In the aforementioned categories, Ld represents the distance between the language of a particular site and English (Chiswick and Miller 2004). According to Chiswick et al., Ld can assume the following values: 0.33, 0.36, 0.4, 0,44, 0.5, 0.57, 0,67, 0.8 and 1 4.
The bigger the Ld value, the farther a particular language L is from English, which is also a measure of how difficult it is for people who speak L to learn to speak English. Thus, the larger the Ld, the higher the likelihood that the proficiency in English will not be very good (Chiswick and Miller 2004). The lower the level of proficiency in English (as lingua franca), the higher the probability of problems regarding the communication between sites (Herbsleb and Moitra 2001).
Note that this dimension of our taxonomy can be used only in projects that require no lingua franca to enable communication between sites (i.e. there is no language distance) or when the chosen lingua franca is English.
The first category of this dimension (No distance) was designed to represent sites that either have English as its mother tongue or no lingua franca is required in the project, since the sites have the same mother tongue. The other three categories were defined by dividing the language distance scale in three equal parts (Small, Medium and Large), so that there is enough representativeness to classify the existing spectrum of language distance values.
This dimension focuses on the language that is spoken the most in a site’s location. We did so because it would be very difficult to embrace the particularities of countries that have more than one official language. In addition, high proficiency in English is a prerequisite to allocate personnel to participate in many GSE projects, i.e. in these cases, the mother tongues of sites’ locations are not an issue.

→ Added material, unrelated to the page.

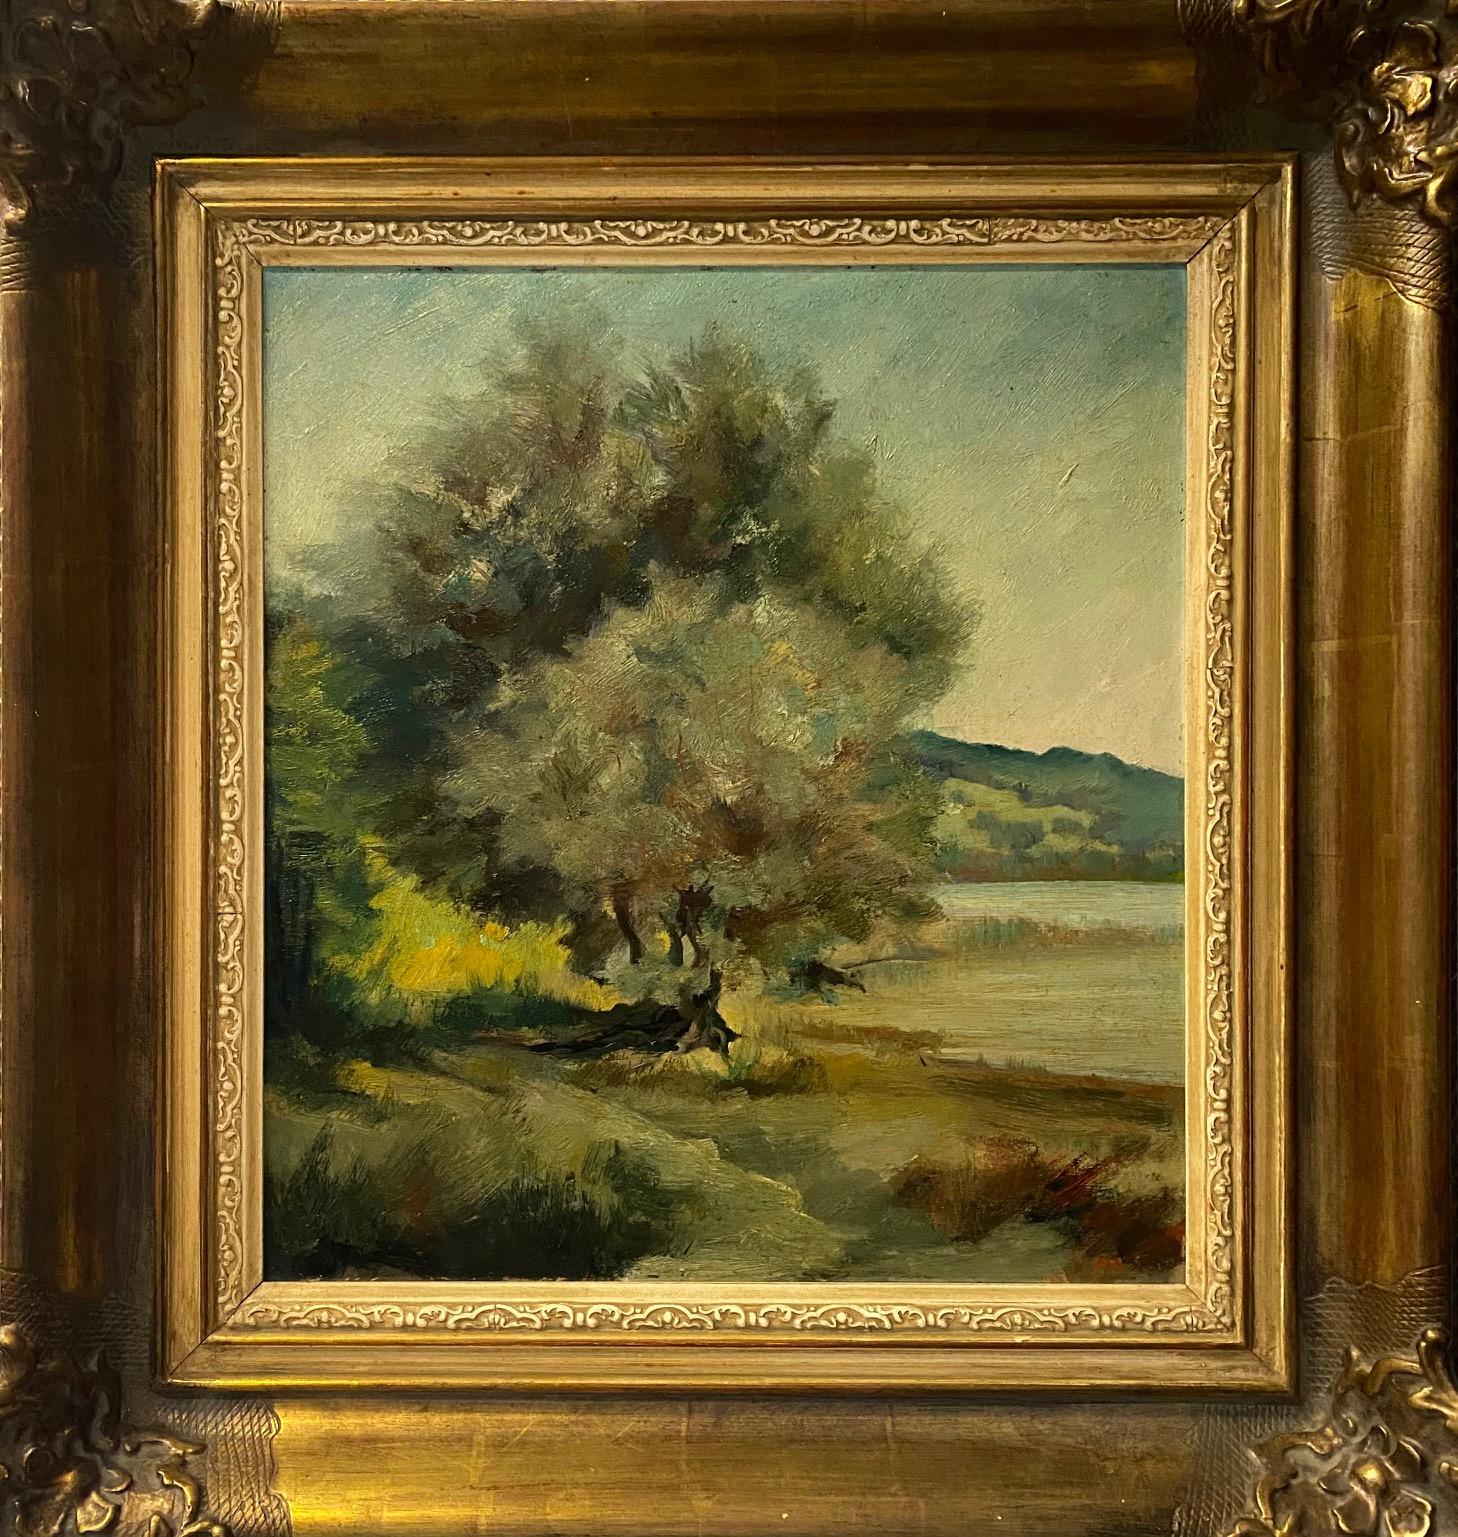 "Tree by the lake" by Hans Hotz - Oil on cardboard 35x39 cm

Thus, when using this dimension to classify the language distance of each site, the language spoken the most by the site’s personnel should be identified and it should be used as basis for selecting the language distance category that fit the best.
Communication model
In GSE projects, the communication between the distributed sites is often mediated via electronic communication media (Jaanu et al. 2012) and existing empirical evidence shows that mediated communication demands more effort (Ebert and De Neve 2001; DeLuca and Valacich 2005). Different electronic communication media types have different properties and capabilities to deal with geographic distance between sites in GSE projects.

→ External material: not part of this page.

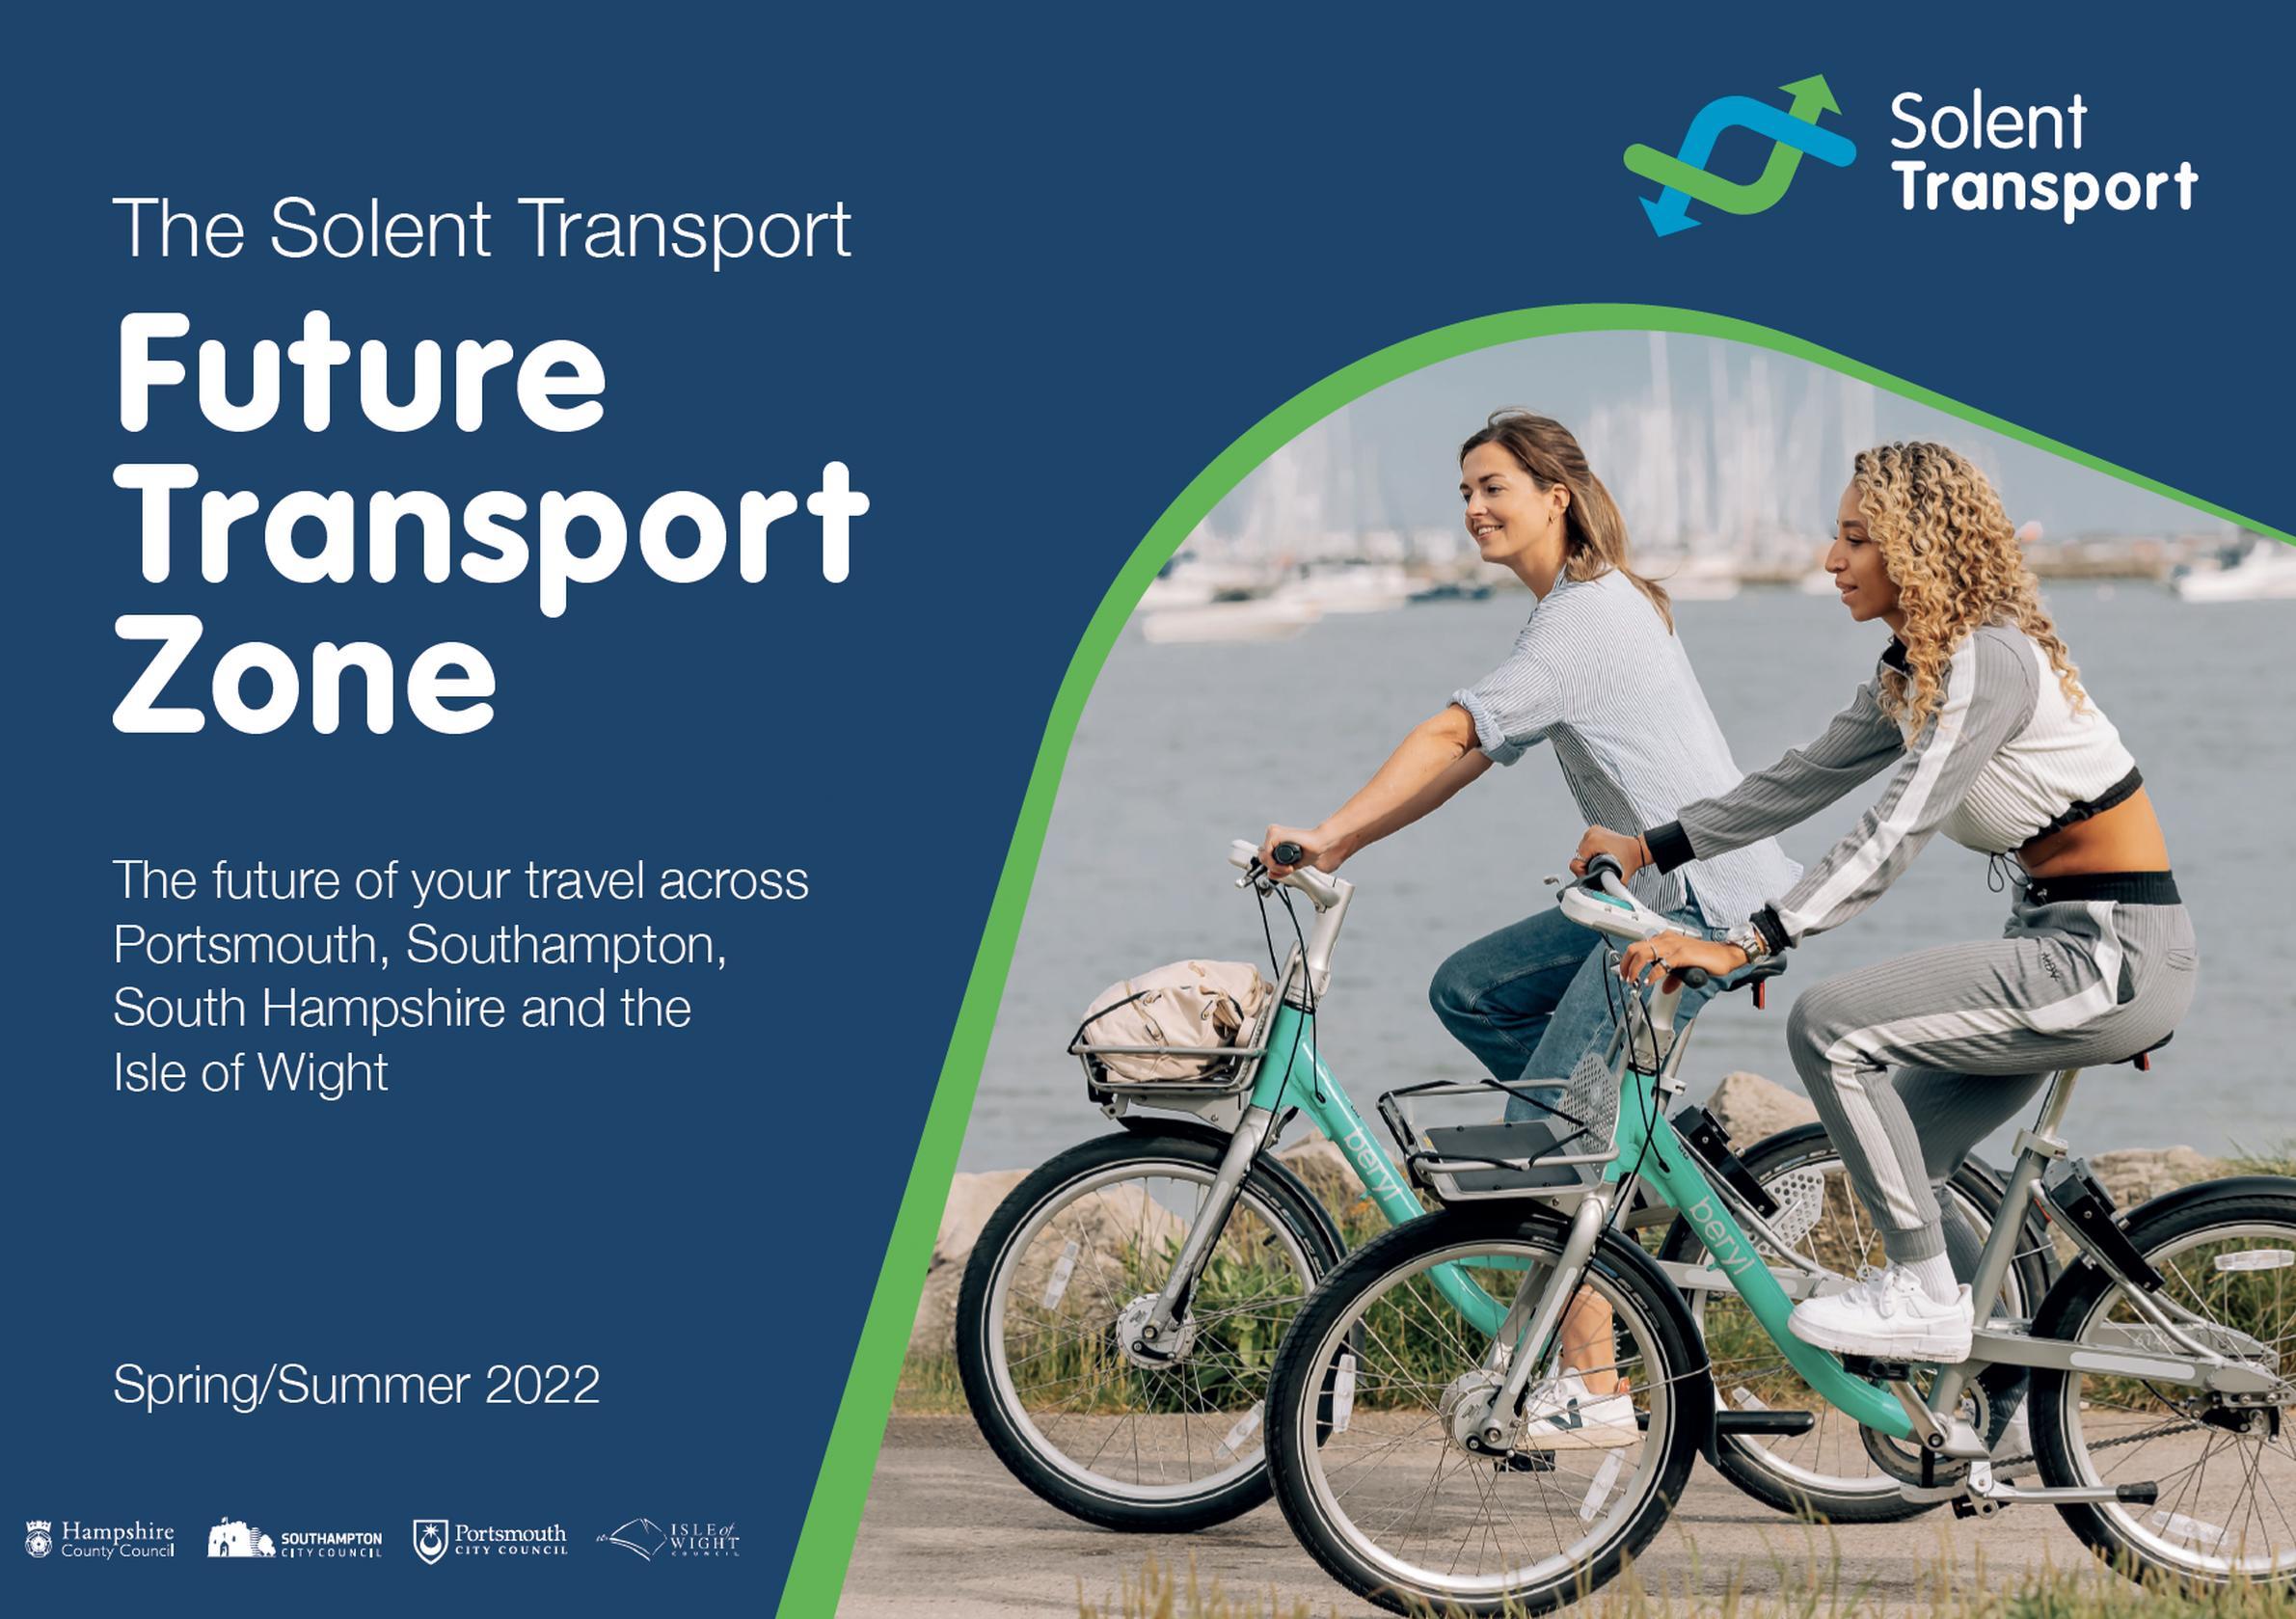 The Solent Future Transport Zone (Solent FTZ) was one of four areas across the UK chosen and funded by the DfT to trial new and better ways of providing public transport and logistics

Media synchronicity theory (MST) (Dennis et al. 2008) states that the most effective communication occurs when the communication media matches a given set of communication requirements (Dennis et al. 2008). The information to be transmitted can require more conveyance, i.e. processing and transmission of new information, or more convergence, i.e. a group should agree on something (Dennis et al. 2008).

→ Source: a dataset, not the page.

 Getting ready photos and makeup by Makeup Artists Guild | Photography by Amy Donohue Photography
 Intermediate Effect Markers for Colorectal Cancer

In our extended taxonomy, we incorporated the communication factor through the dimension called communication model, which is based on the MST. The communication model dimension has the following categories:
-
Low synchronicity communication model - The communication between sites is mainly mediated via asynchronous media, e.g. email and issue trackers (the most adequate media type for conveyance (Dennis et al. 2008)).
-
High synchronicity communication model - The communication between sites is mainly mediated via synchronous media, e.g. video conference and instant messaging tools (the most adequate media type to achieve consensus (Dennis et al. 2008)).
-
Balanced synchronicity communication model - The communication model encompasses both asynchronous and synchronous media types and each type is used for its most adequate purpose, i.e. synchronous media is used when there is need for fast feedback and consensus achievement, and asynchronous media is used when there is need to convey some message that should be formalized and consolidated before transmission.